Director Cobb told the Cheyenne City Council at a work session that the engineering division needs modest budget increases for fiscal 2027 while grappling with staffing shortages, material delays and a large backlog of deferred projects. Cobb framed his presentation around safety, asset preservation and stewardship of taxpayer funds, and outlined a request that would raise the division’s general-fund budget by about $340,152 for next year.
Cobb said the department has about 18 active full‑time equivalents across its sections and is proposing an additional GIS hire; the engineering core currently lists roughly eight FTEs directly in engineering, three in GIS and several staff in related units and consultants. “We’ve got 18 active FTEs,” Cobb said, and added the city relies heavily on consultants — “over a hundred” active consulting contracts — to deliver and design projects.
A major financing and operational pressure is the city’s backlog of needed work. Cobb said a drainage backlog figure in his memo totals $142,500,000 and later described the combined roadway and drainage backlog as roughly $400,000,000. “We’re looking at almost 400 and some million dollars in backlog,” he said, and urged the council to prioritize projects that help the most people.
Cobb also highlighted a technical change that will increase future project costs: updated intensity‑duration‑frequency (IDF) rainfall curves. “Two‑, five‑, 10‑ and 25‑year storms have increased as much as 30% from what they were,” he warned, noting that a system designed last year for a 50‑year event may now be effectively a 25‑year design under the new curves, which will raise drainage‑infrastructure costs.
Another near‑term compliance change is the city’s MS4 stormwater permit. Cobb told the council that Wyoming DEQ is transitioning Cheyenne from a general MS4 permit to an individual MS4 permit (he said two individual permits will be issued in the state, for Casper and Cheyenne), a shift that will increase inspection and oversight responsibilities and likely require more in‑house inspectors and contractor oversight.
On budget specifics, Cobb sought increases in professional services (+$20,000), software and maintenance (+$84,211) to cover AutoCAD, Bluebeam and other tools, plus smaller increases for equipment and furniture. He said some software costs previously covered by American Rescue Plan funds must now be absorbed by the department.
Council members pressed Cobb on hiring and contractor availability. Cobb acknowledged a tight local market for civil engineers and construction crews, and attributed supply‑chain delays for electrical components, concrete and pipe to regionwide development activity. “Demand is high and supply is low,” he said.

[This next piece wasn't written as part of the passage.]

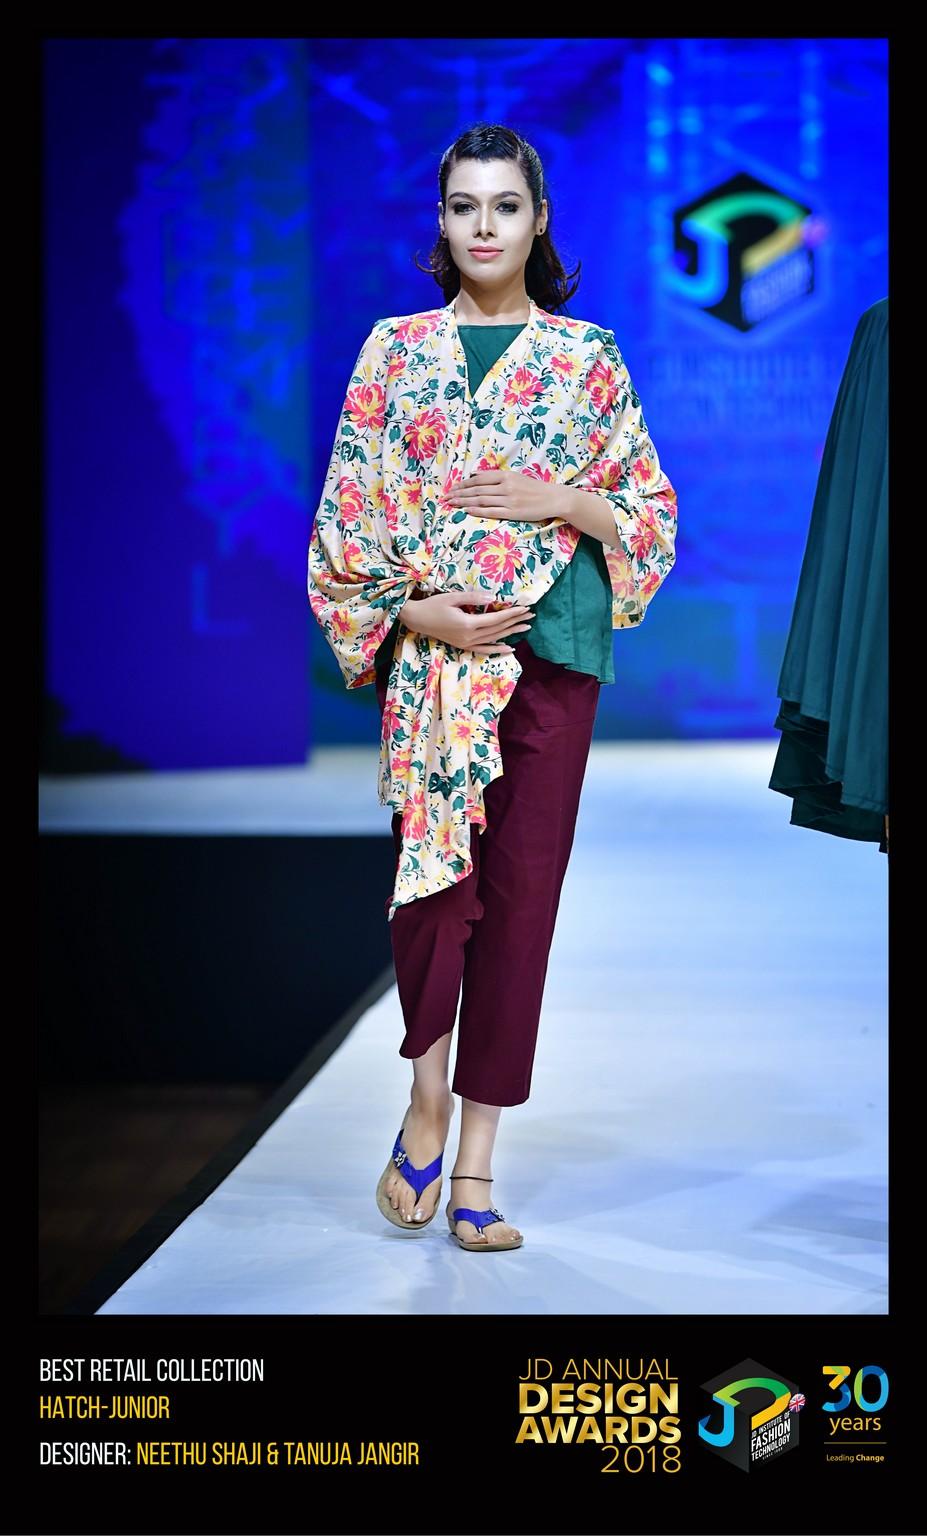 Hatch: Junior on Board – Change – JD Annual Design Awards 2018 | Designer: Neethu Shaji and Tanuja Jangir | Photography : Jerin Nath (@jerin_nath) hatch Hatch: Junior on Board – Change – JD Annual Design Awards 2018 HATCH JUNIOR4

The presentation closed with Cobb emphasizing that large, multi‑year projects typically take one to two years to show tangible results even when funding is available, and that the department is trying to balance near‑term maintenance needs with long‑range capital programs.
The council did not take formal action at the work session; Cobb’s budget recommendations and project priorities will return to the council in the regular budget process for further review.